少女が大人しくなるのを見ていたジャスティは。
「 やっと大人しくなったか。お前らセルティアを部屋に放り込んどけ 」
「「 アイアイサー!! 」」
数時間後。。。
「 暇。甲板に出て海風にあたりたい・・・ 」
赤茶色の髪に合ったとても綺麗な色の抑え気味のドレスを纏ったセルティアは船長室のソファで寝転んだままポツリと呟いた。
執務机に向かって机に広げてある地図を見たまま視線はそのまま地図に向けたままでジャスティが返事を返す。
「 ダメだ。船の上は危ない。俺達は海賊なんだぞ。いつ襲われたっておかしくねぇんだ。船員達もお前を守りながら戦う何て事できねぇだろうしな 」
その言葉を聞くなりセルティアは勢いをつけて体を起こす。
「 戦えれば良いんだろ?それなら問題ないよ!この間ジョンにおすみつきもらったんだ!! 」
ジョンと言うのはこの船の副船長で年はジャスティより5つ上で船員の中で一番がたいが良く身長も高い。体には銃で打たれたかのような傷や切り傷。背中には刺青などが入った。どこからどう見ても怖いイメージしかない男だ。
だが、それは見た目の話しで。話してみると小さいもの好きで得に船の上の船員やジャスティの中で一番セルティアに優しくしてくれる人だ。

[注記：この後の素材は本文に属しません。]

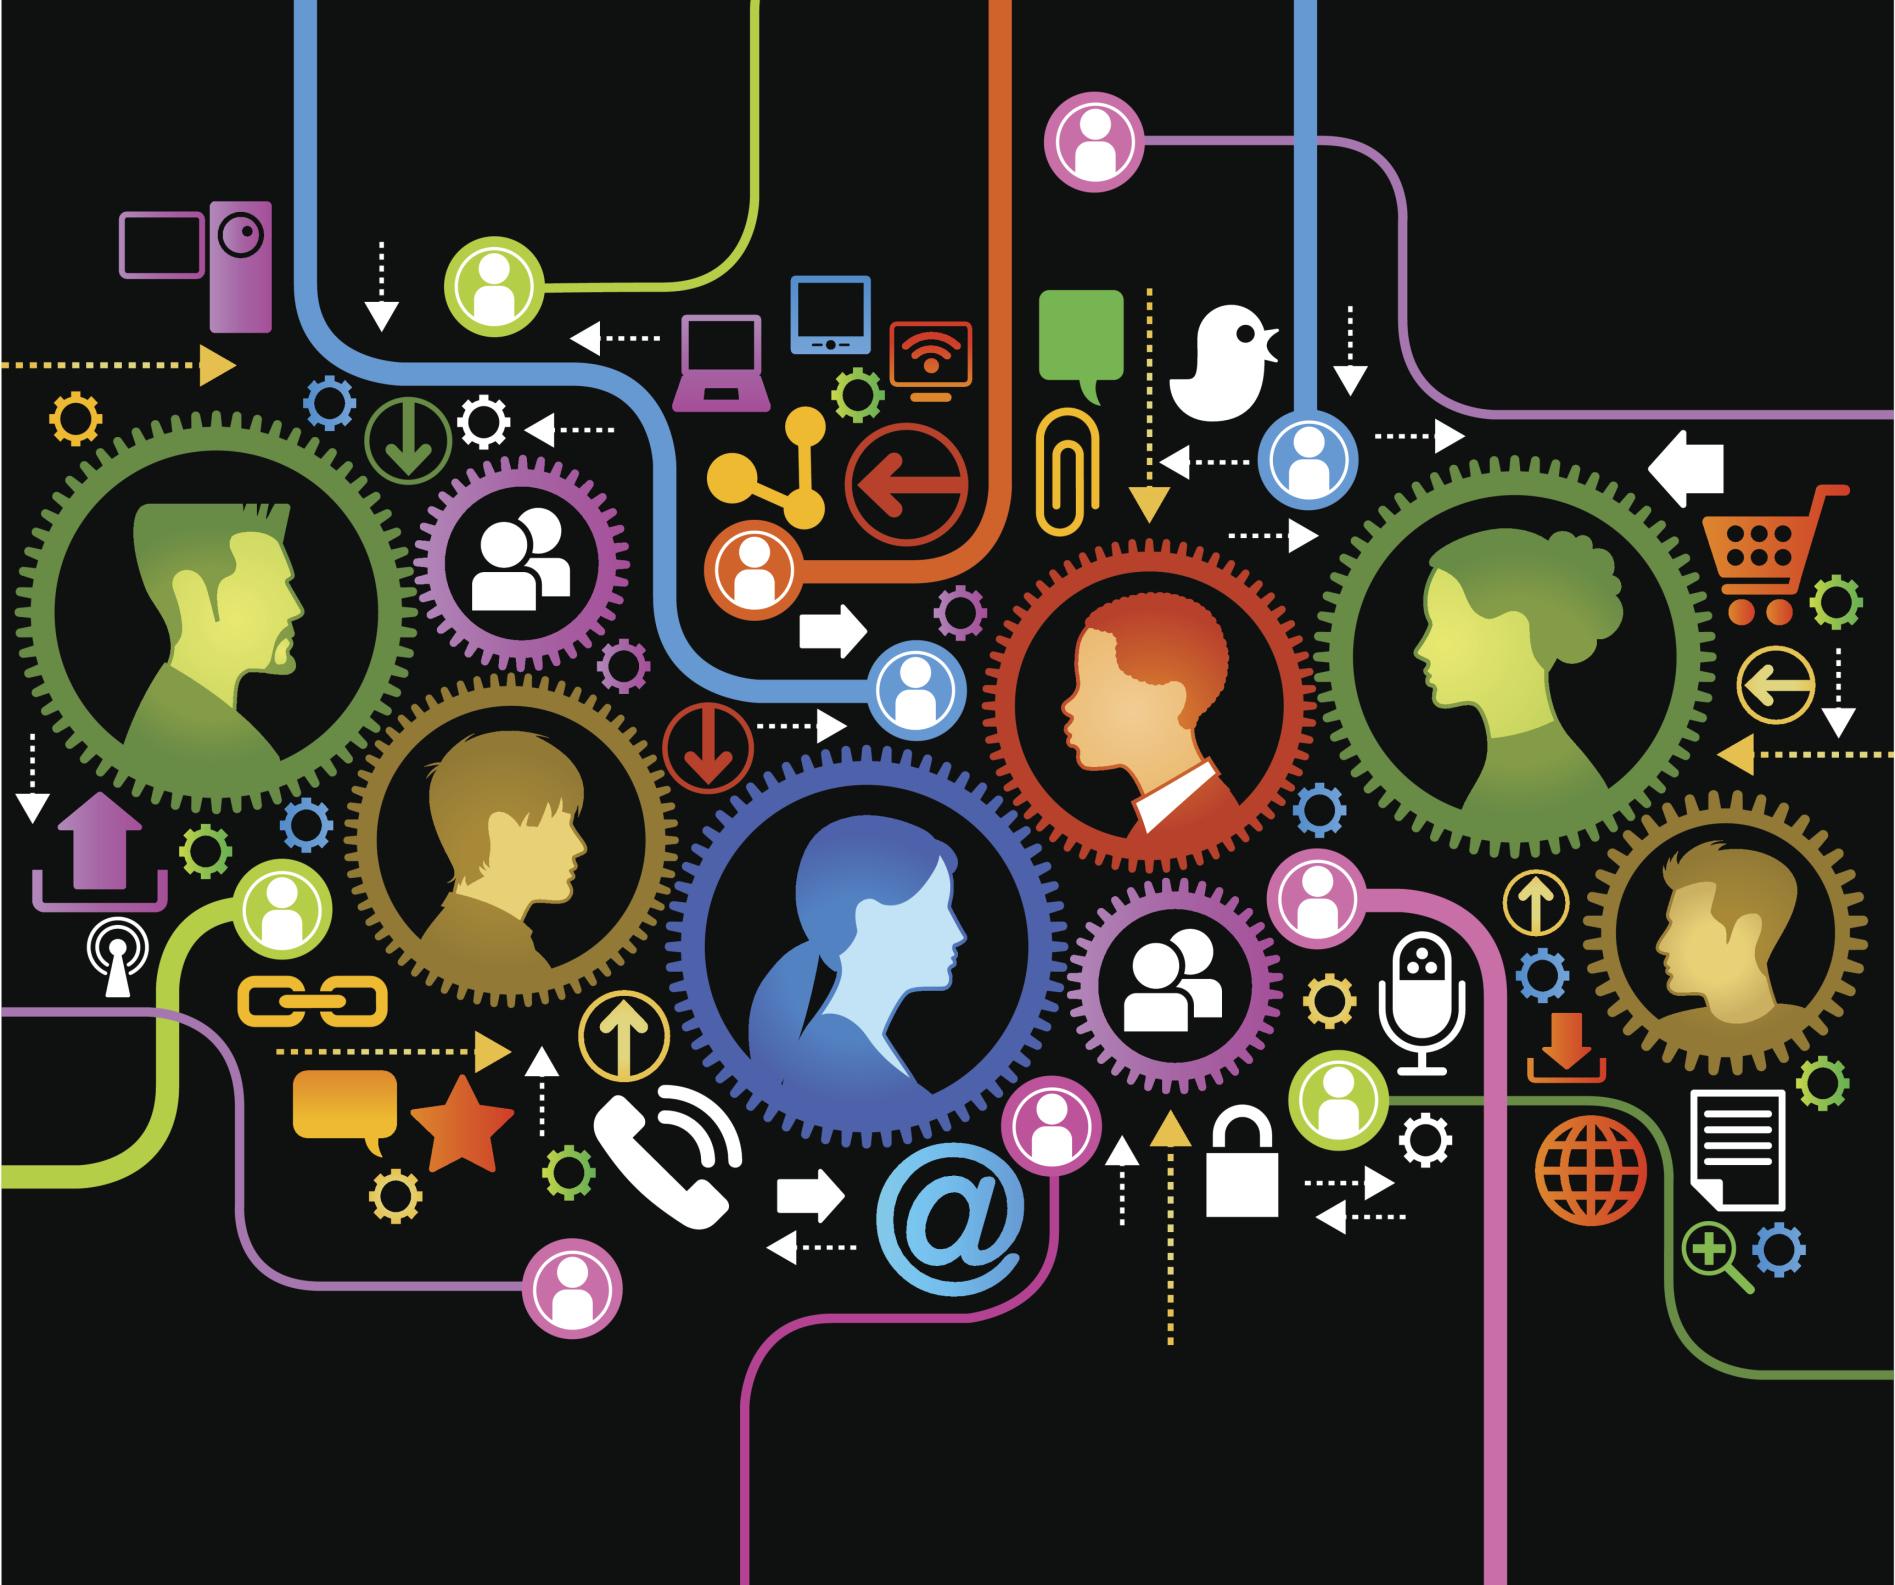 collaboration3-28b3ii5 Technology Platforms Examples on digital government, web application, social media, world wide web, internet marketing, web service, social media marketing, what's new, tim berners-lee, business model, cloud computing, adjustable cartoon, social network, small business, web design, common software,

ジャスティはセルティアに気付かれないように小さく舌打ちをすると。
「 そんなもん。本当の戦いではなーんも意味ねぇ。お前は女なんだぞ。男の俺らとは力の差だってありすぎる 」
そう言いながら地図を見るのを止めて机から離れたところを歩き出す。
「 やってみないとわからないじゃんか!!わっっっ!!! 」
いつの間にか自分の目の前まで着ていたジャスティにセルティアはソファの上に押し倒されるように寝転がる。
「 なら・・・やってみろよ・・・ 」
綺麗な蜂蜜色の瞳でまっすぐに見つめられたセルティアは緊張で口を噤む。
「 っつ・・・・・・・・・ 」
セルティアの返事を待たず。ジャスティは少女の首筋に唇を落とす。
そこでやっと声を出せるようになったセルティアは彼の胸に両手を当て一生懸命押して止めよとする。
「 っちょ・・・!!!ジャス・・・!やめ・・・て・・・!!! 」
だが。彼の胸はビクともしない。これが男女の力の差だ。
セルティアは知らずに涙を流していた。それに気付いたジャスティはスッと少女の上から退き机に向かって歩く。
「 これでわかっただろ。お前には無理だ。ここに居れば、何かあったら俺が守ってやれる。良いな? 」
ジャスティは少女の顔も見ず。後ろも振り返らずにそう言う。セルティアは体を起こしドレスをきちんと着なおし。力ない返事を返す。
「 う・・・うん・・・ 」
なにやら中途半端な作品が多いですが・・・。
細かい事気にしちゃ負け・3・ナノヨ。
今回の作品はもう既に大まかな内容が頭の中に入っているので早くに続きが書けると思います!!
海賊ものは生まれて初めてです!そして読んでいただく皆様に「へー!!!」と言っていただくためにも図書館にてたくさんの海賊の本を借りてきては勉強をしながら書こうと思います!